Instructions for the task: Write out the data word for word and drop any picture you find.

Data segment:
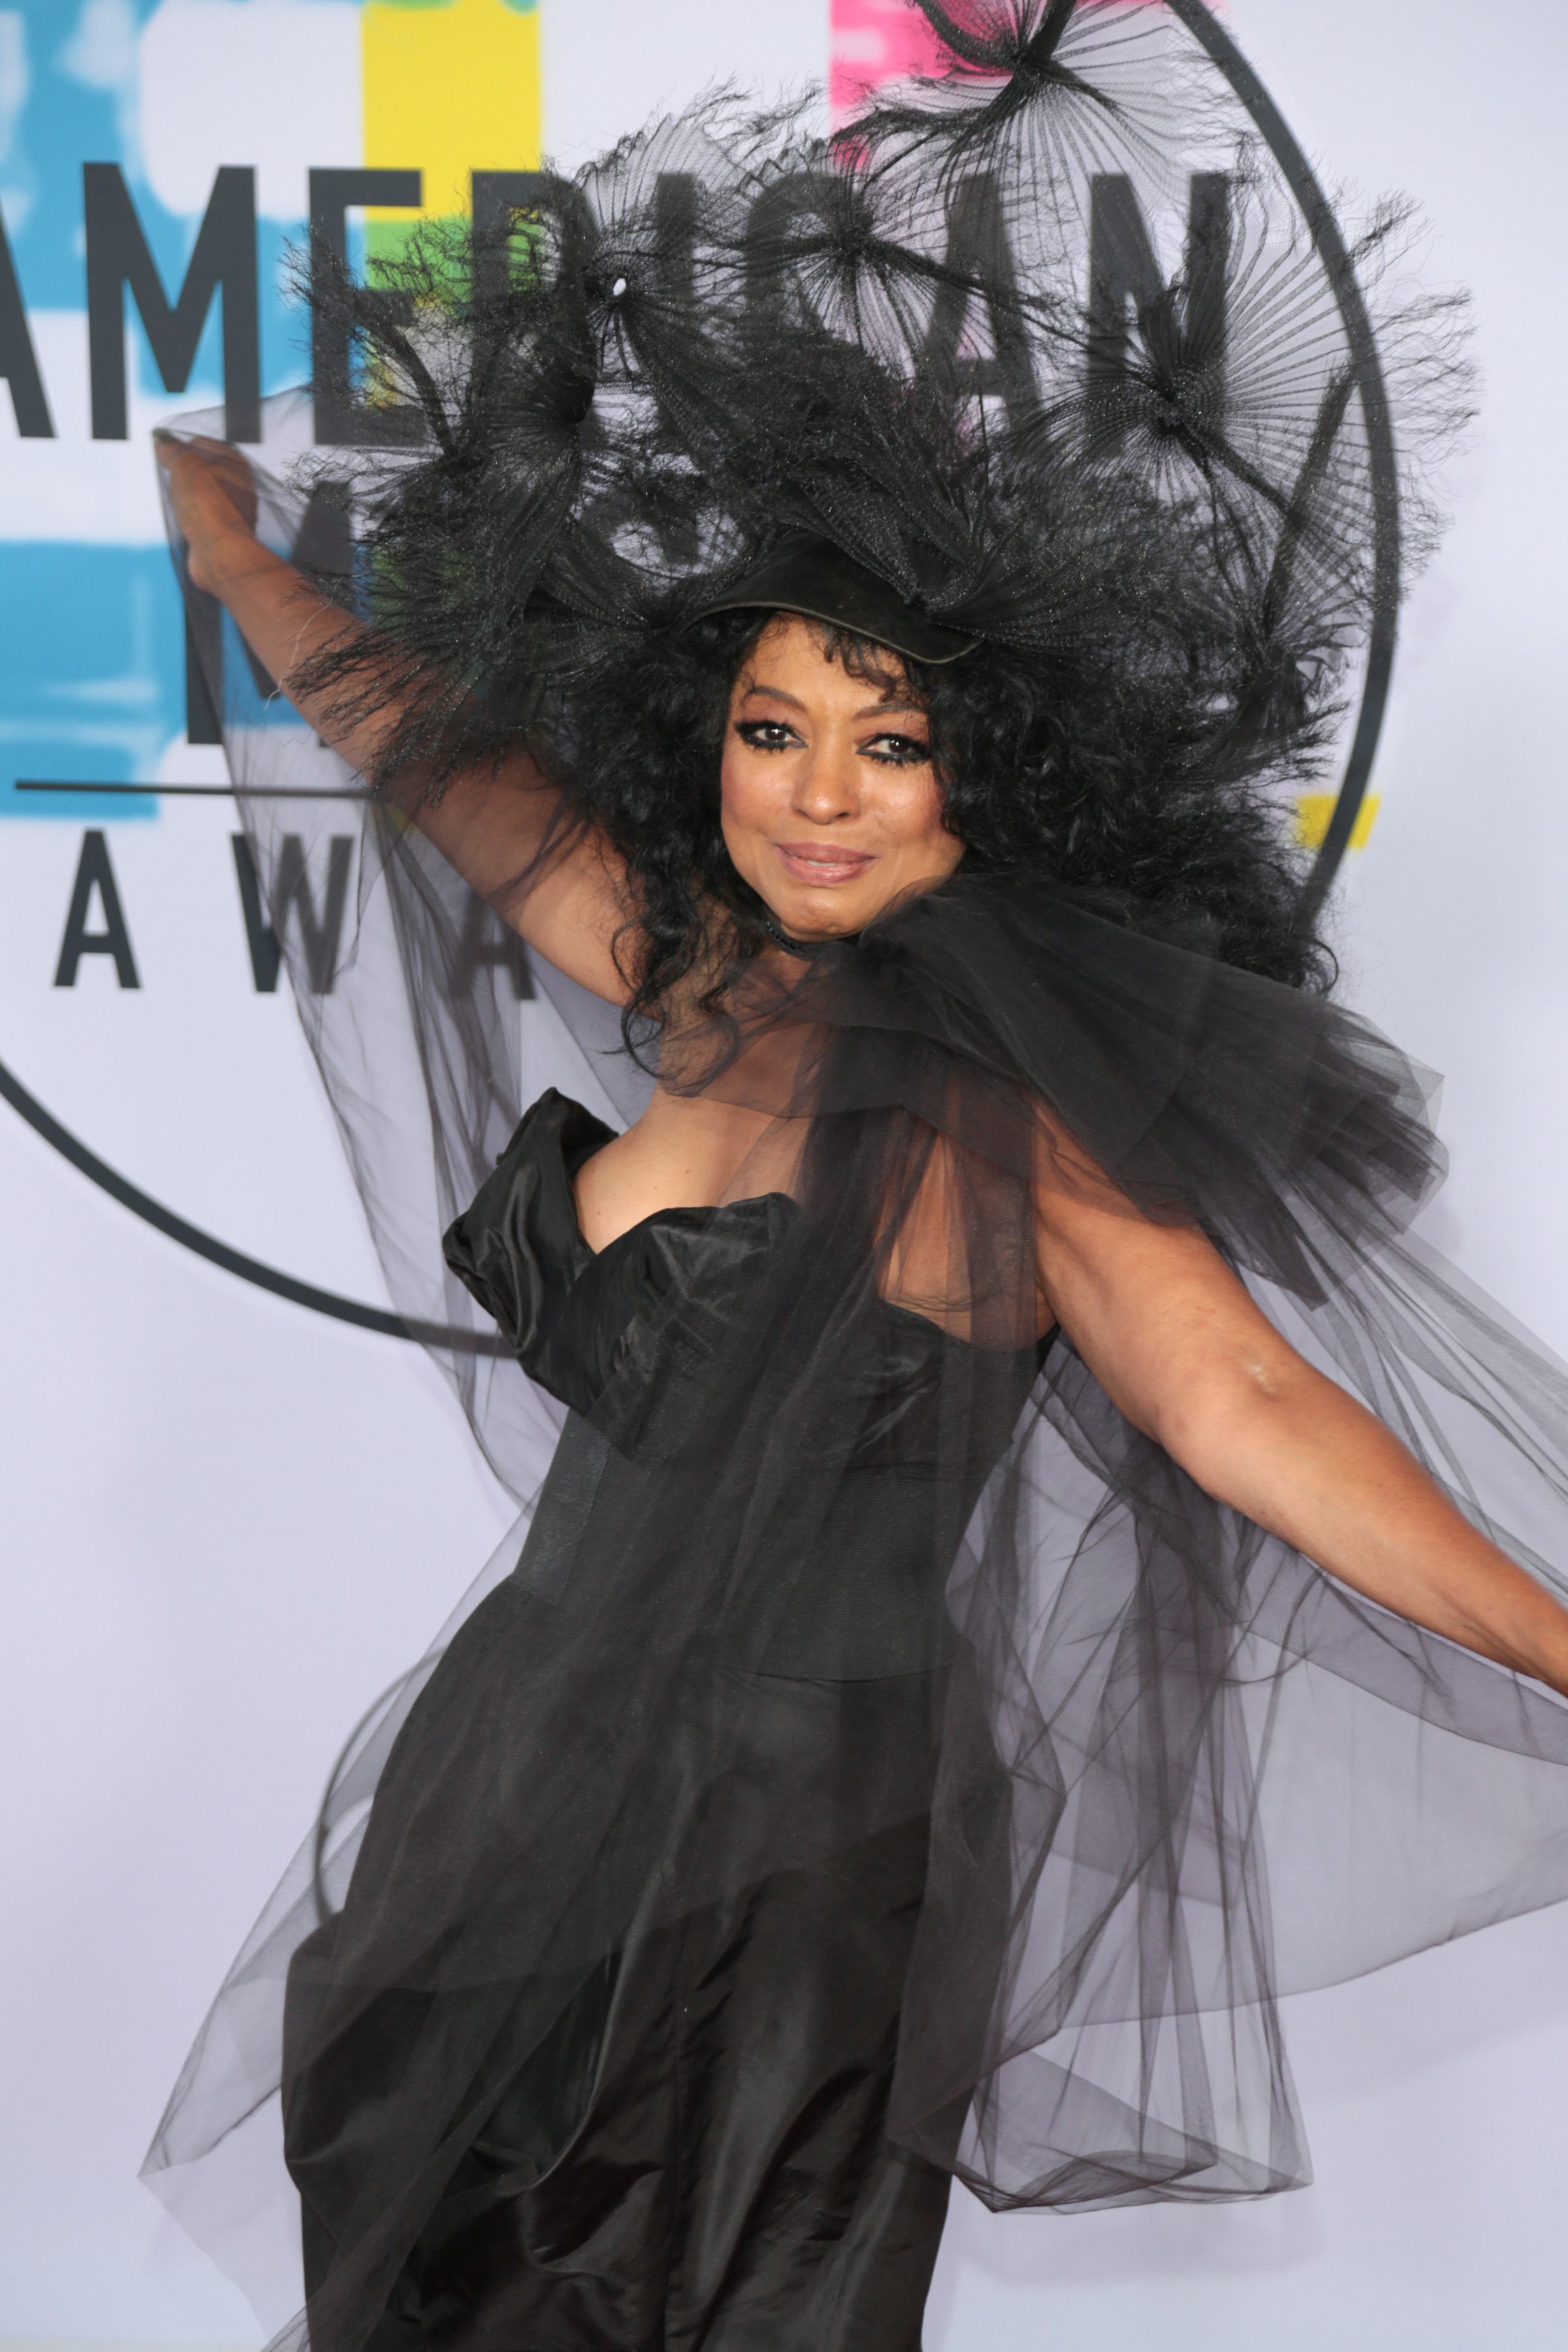 Diana Ross And Barbra Streisand Defend Michael Jackson
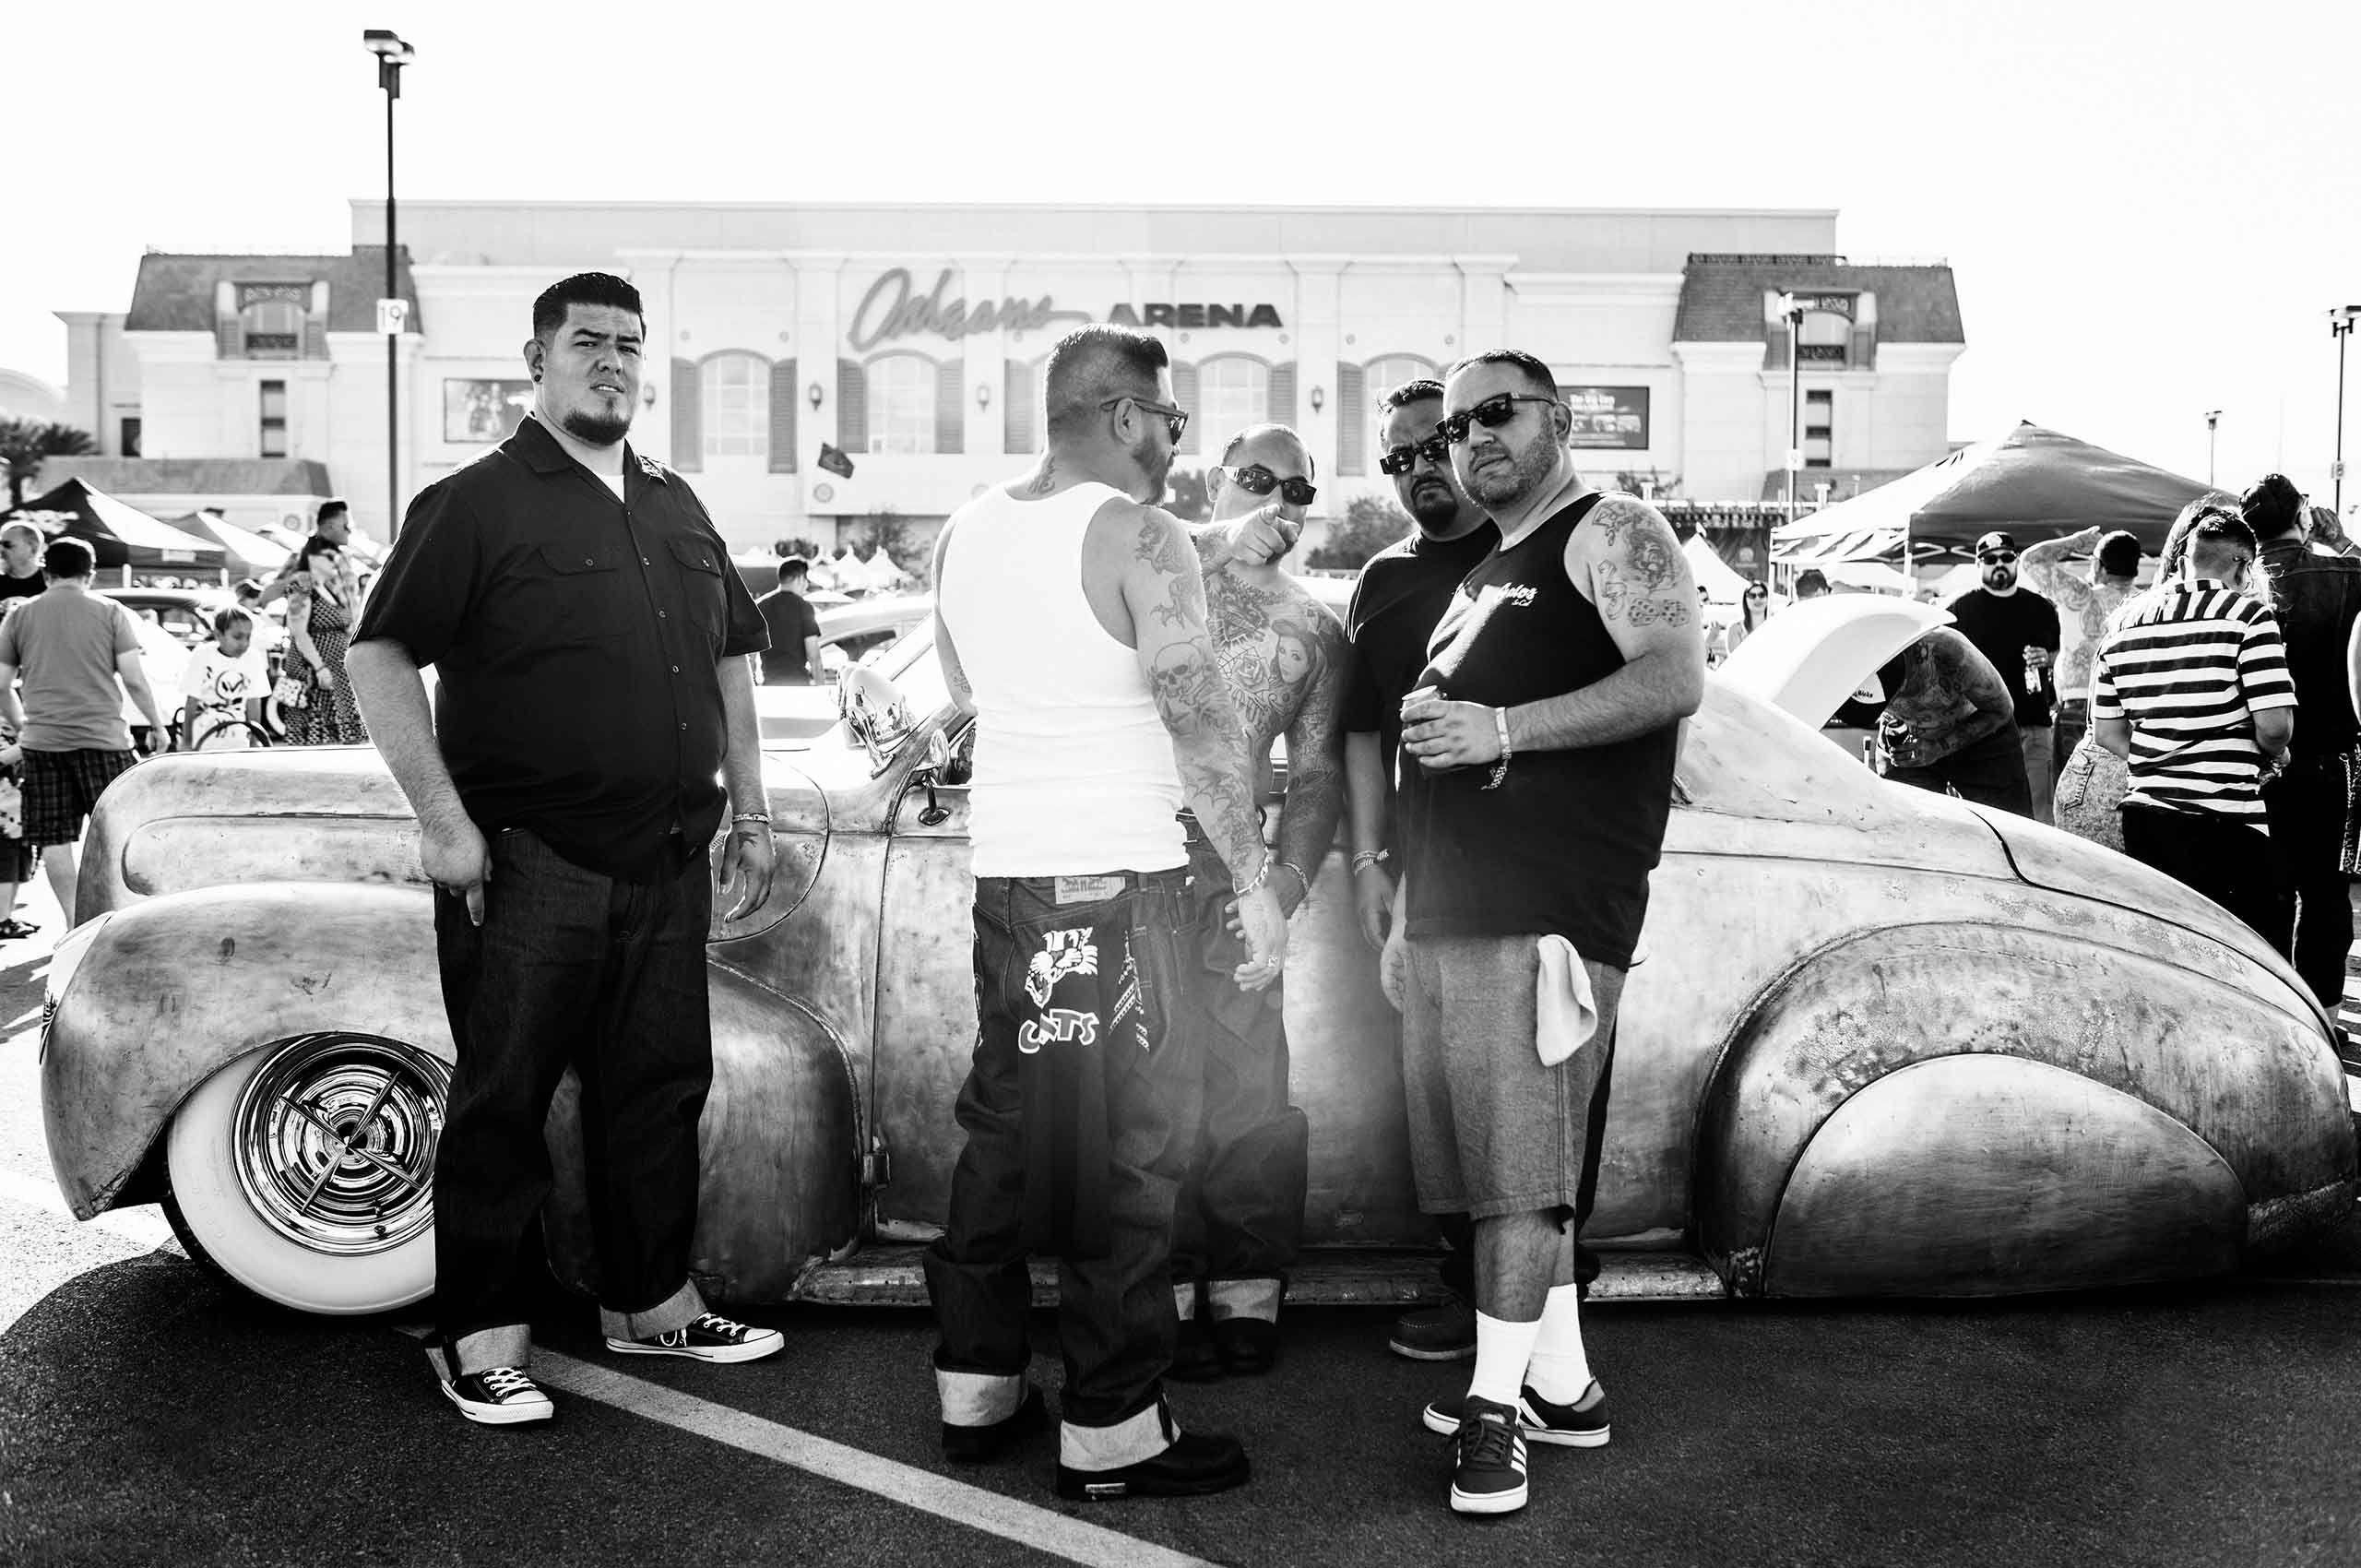 rockabilly-posse-vivalasvegas-rockabillyweekend-lasvegas-by-henrikolundphotography.jpg
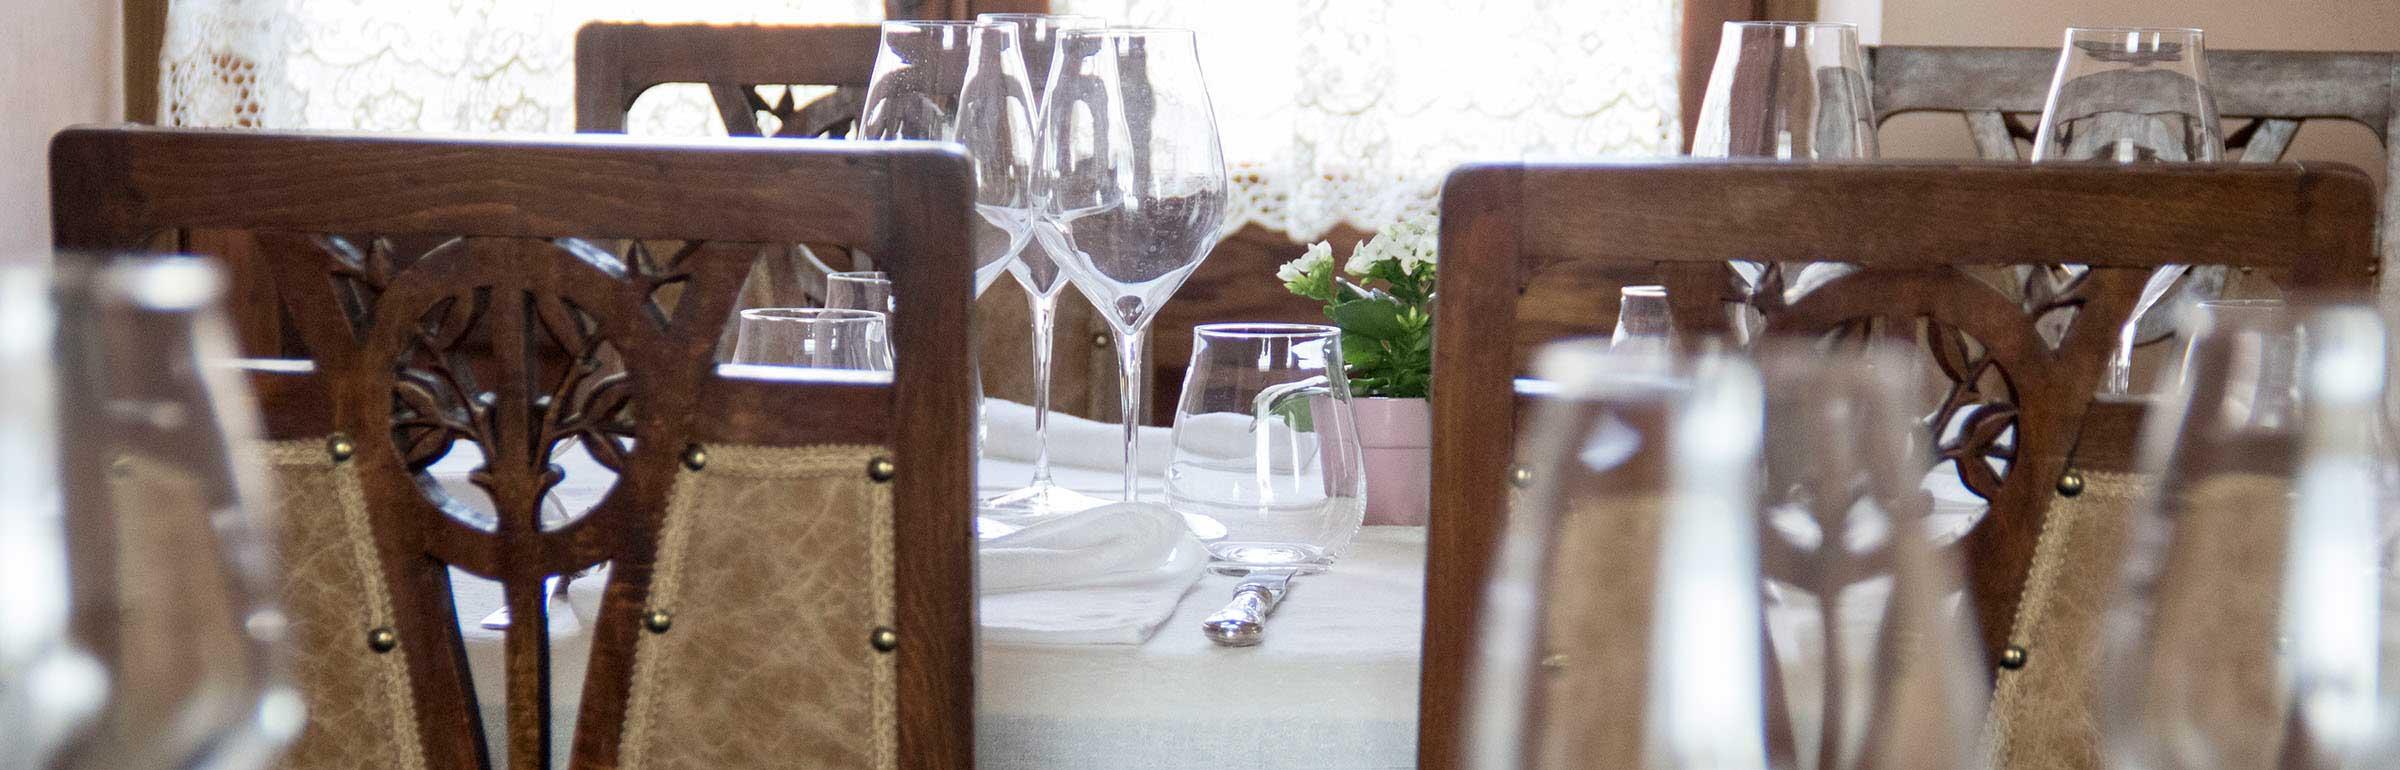 Tavola liberty ristorante Le Jardin Fleuri Gusti Liberty

Reply:
 Diana Ross And Barbra Streisand Defend Michael Jackson
 rockabilly-posse-vivalasvegas-rockabillyweekend-lasvegas-by-henrikolundphotography.jpg
 Tavola liberty ristorante Le Jardin Fleuri Gusti Liberty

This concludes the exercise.